Köln – Das Robert-Koch-Institut meldet immer öfter mehr als 10000 Neuinfektionen an einem Tag. In Köln sind mehr als 2000 Menschen akut infiziert. Wie bewerten Sie die Lage? Prof. Oliver Cornely: Die Lage ist meiner Ansicht nach bedrohlicher als im März. Wir wissen, dass bereits einige deutsche Krankenhäuser sehr stark durch Corona-Patienten in Anspruch genommen sind. Die meisten anderen sind es glücklicherweise noch nicht, doch das kann sich schnell ändern. Wir müssen hellwach sein.

Wie wichtig sind Zahlen, um die Lage zu beurteilen?

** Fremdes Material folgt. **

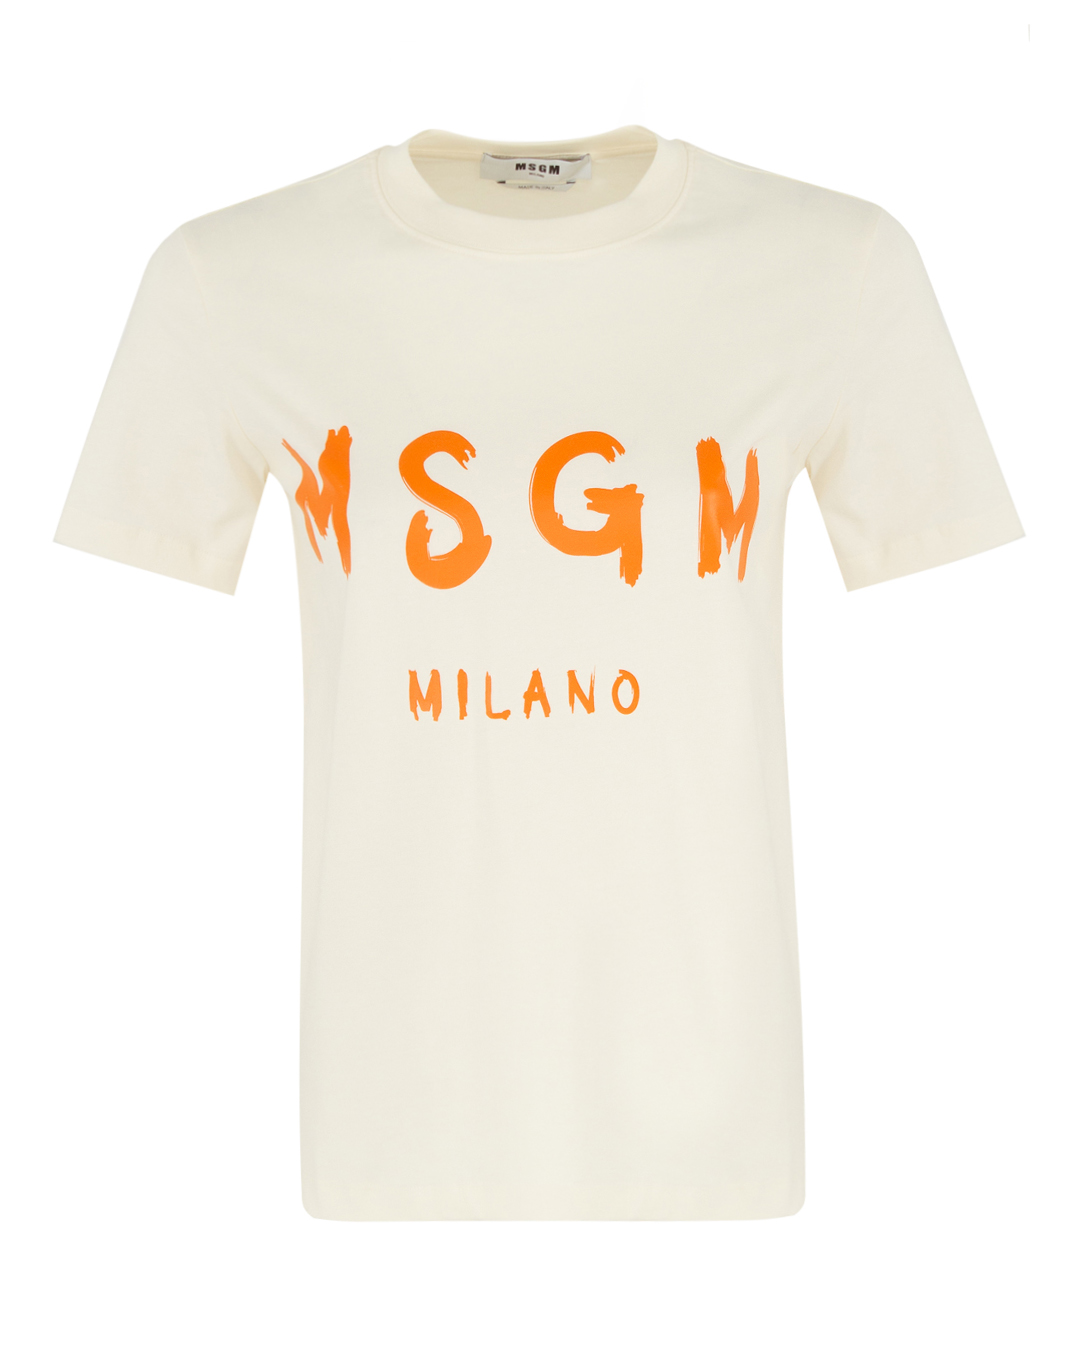 хлопковая футболка MSGM костюм футболка и брюки детский jump рост 104 110 см бежевый хаки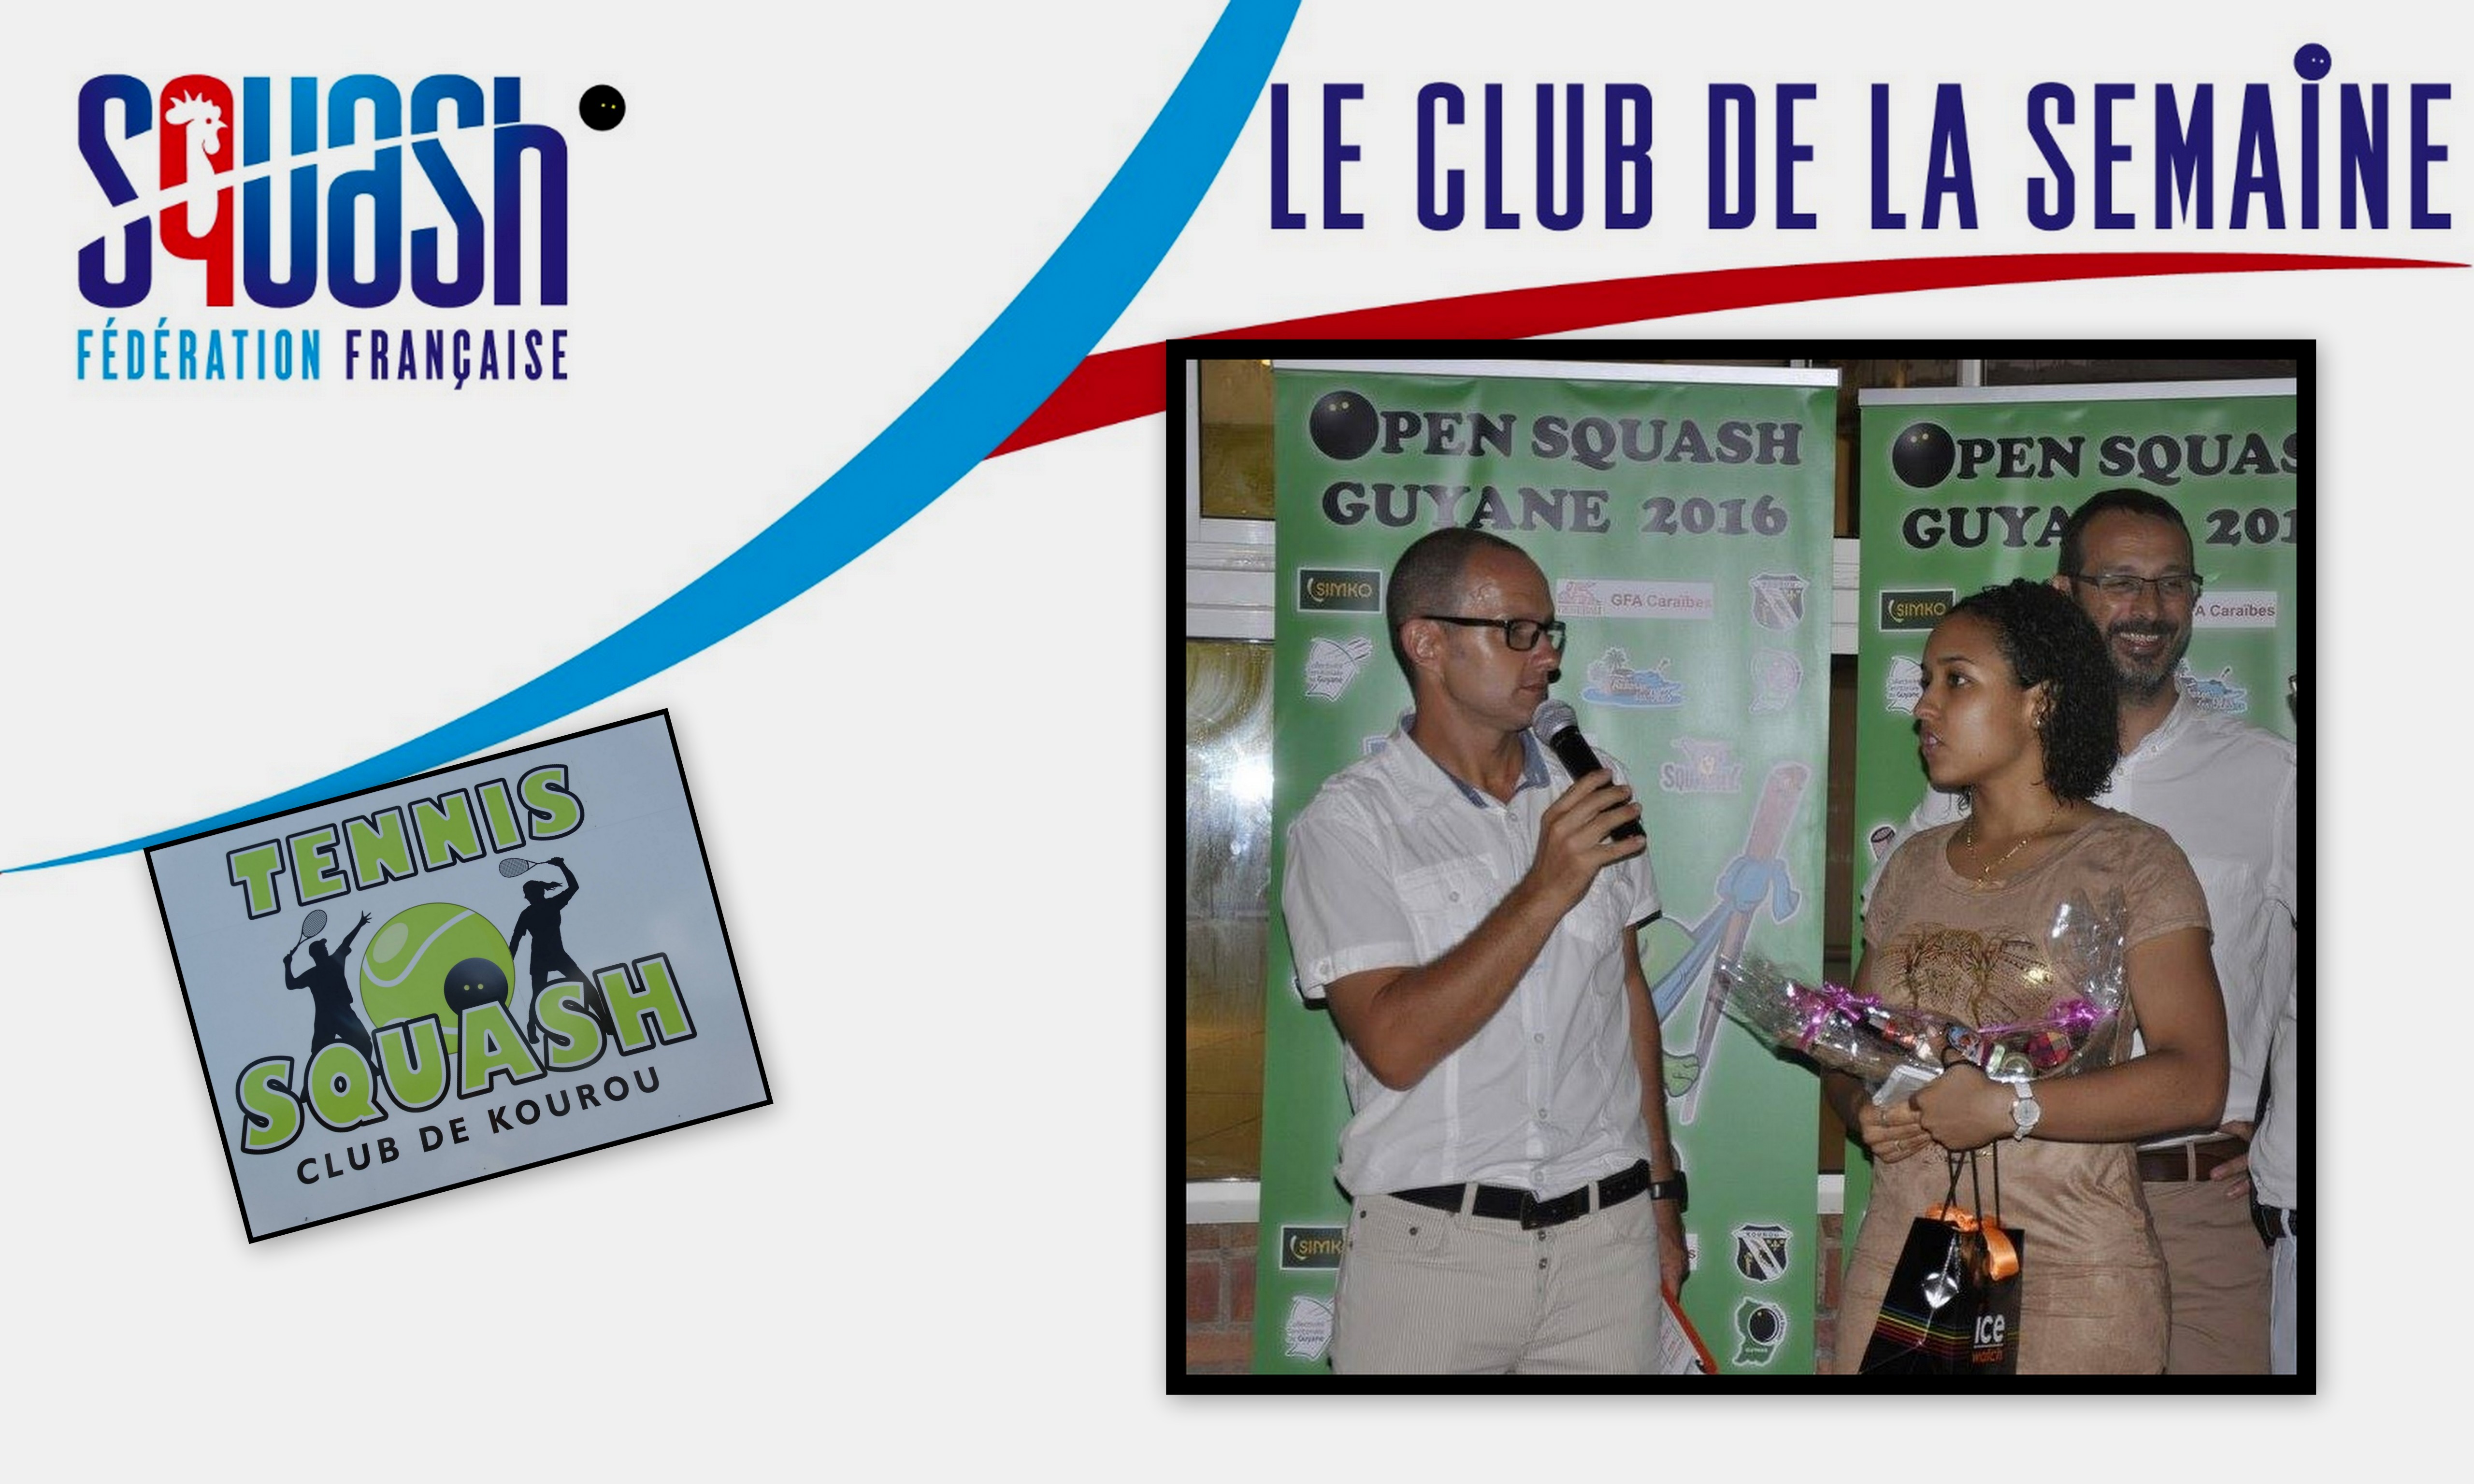 LE CLUB DE LA SEMAINE : TENNIS ET SQUASH CLUB DE KOUROU

Sie sind für die Kliniken als kleiner Blick in die Zukunft entscheidend: Man kann hochrechnen, wie viele der Neuinfizierten krank und schwer krank werden, wie viele einen Platz in der Klinik brauchen werden. Die Statistik hängt natürlich auch mit der Zahl der Tests zusammen. Doch diese liegt seit einiger Zeit konstant bei gut 1,1 Millionen pro Woche. Die Infektionszahlen hingegen steigen – und damit auch die Positivrate. Ich rechne fest damit, dass die Krankenhäuser bald voller sein werden, als sie es im März gewesen sind. Positiv bewerte ich im Vergleich zum Frühjahr die verbesserte Behandlung.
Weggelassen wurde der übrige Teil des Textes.